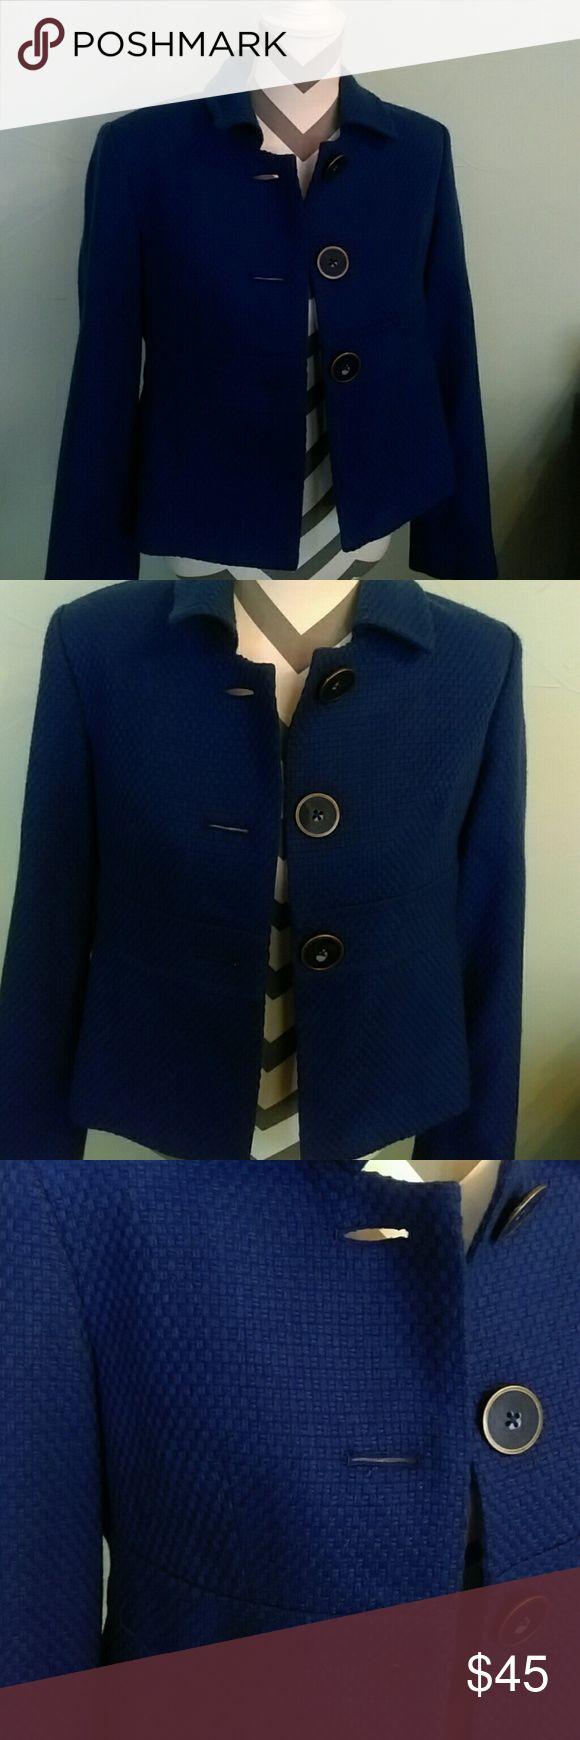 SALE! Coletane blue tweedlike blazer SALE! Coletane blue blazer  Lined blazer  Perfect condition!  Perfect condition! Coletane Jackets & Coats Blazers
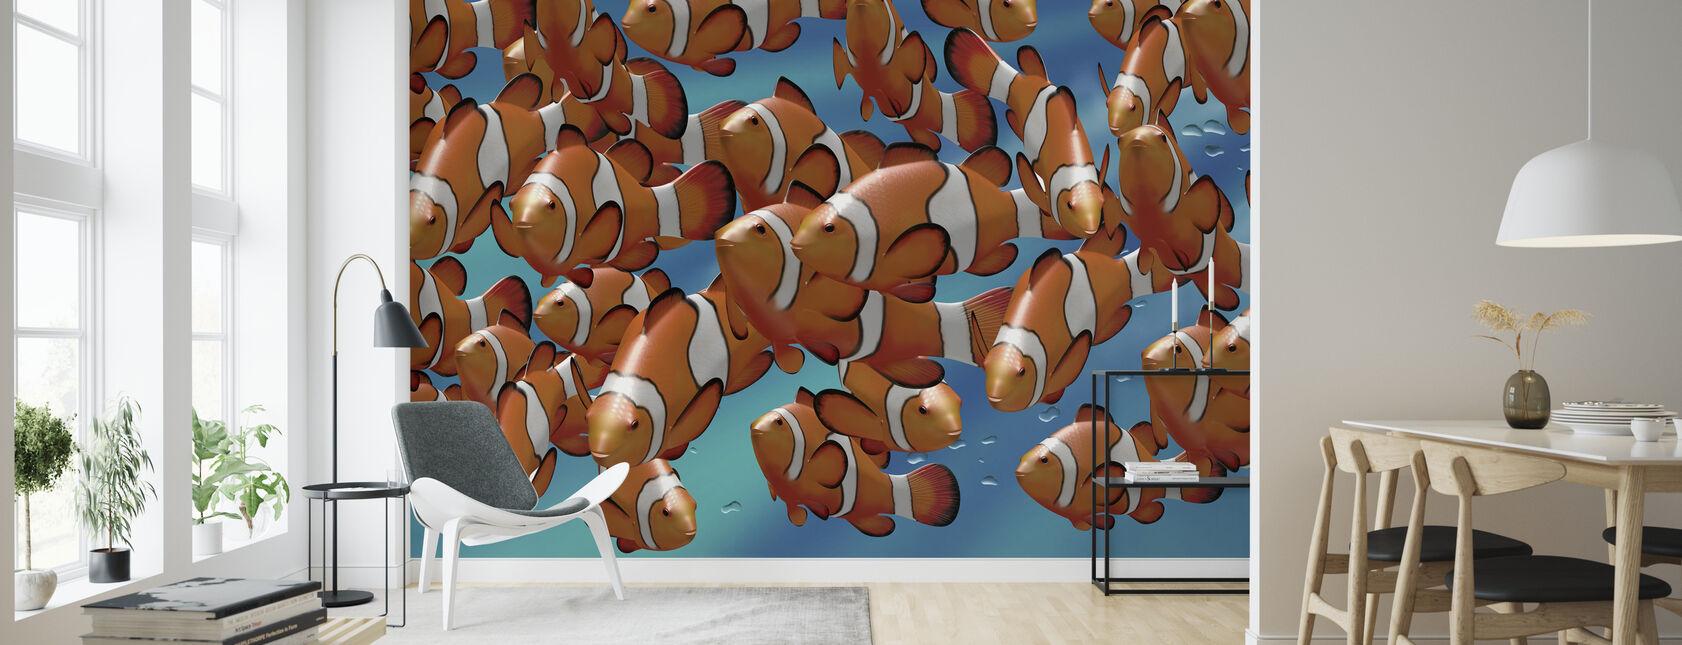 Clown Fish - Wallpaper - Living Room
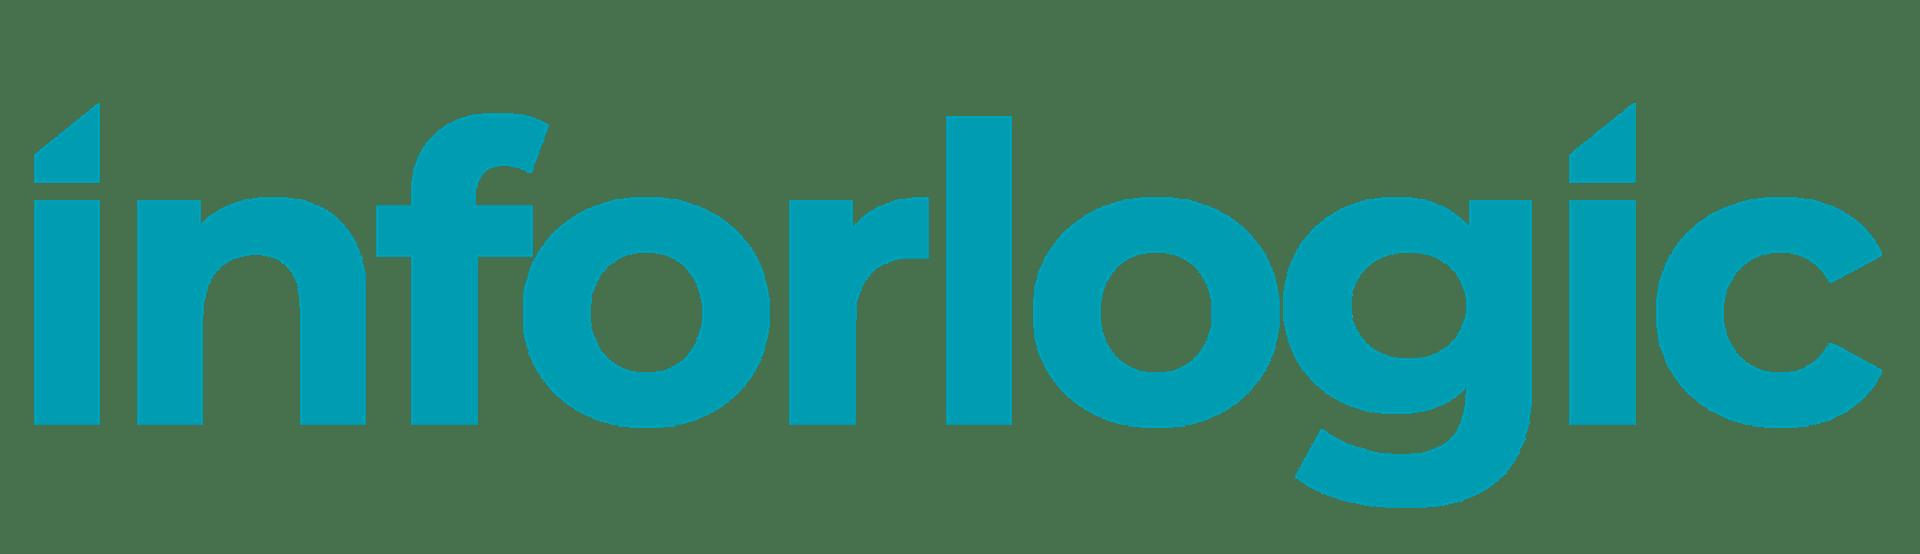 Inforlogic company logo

• **WORK ITEM**:
The answer is the full listing above, reproduced character for character, minus its images.

• **TASK RESPONSE**:
 SALE! Coletane blue tweedlike blazer SALE! Coletane blue blazer  Lined blazer  Perfect condition!  Perfect condition! Coletane Jackets & Coats Blazers
 Clown Fish - Wallpaper - Living Room
 Inforlogic company logo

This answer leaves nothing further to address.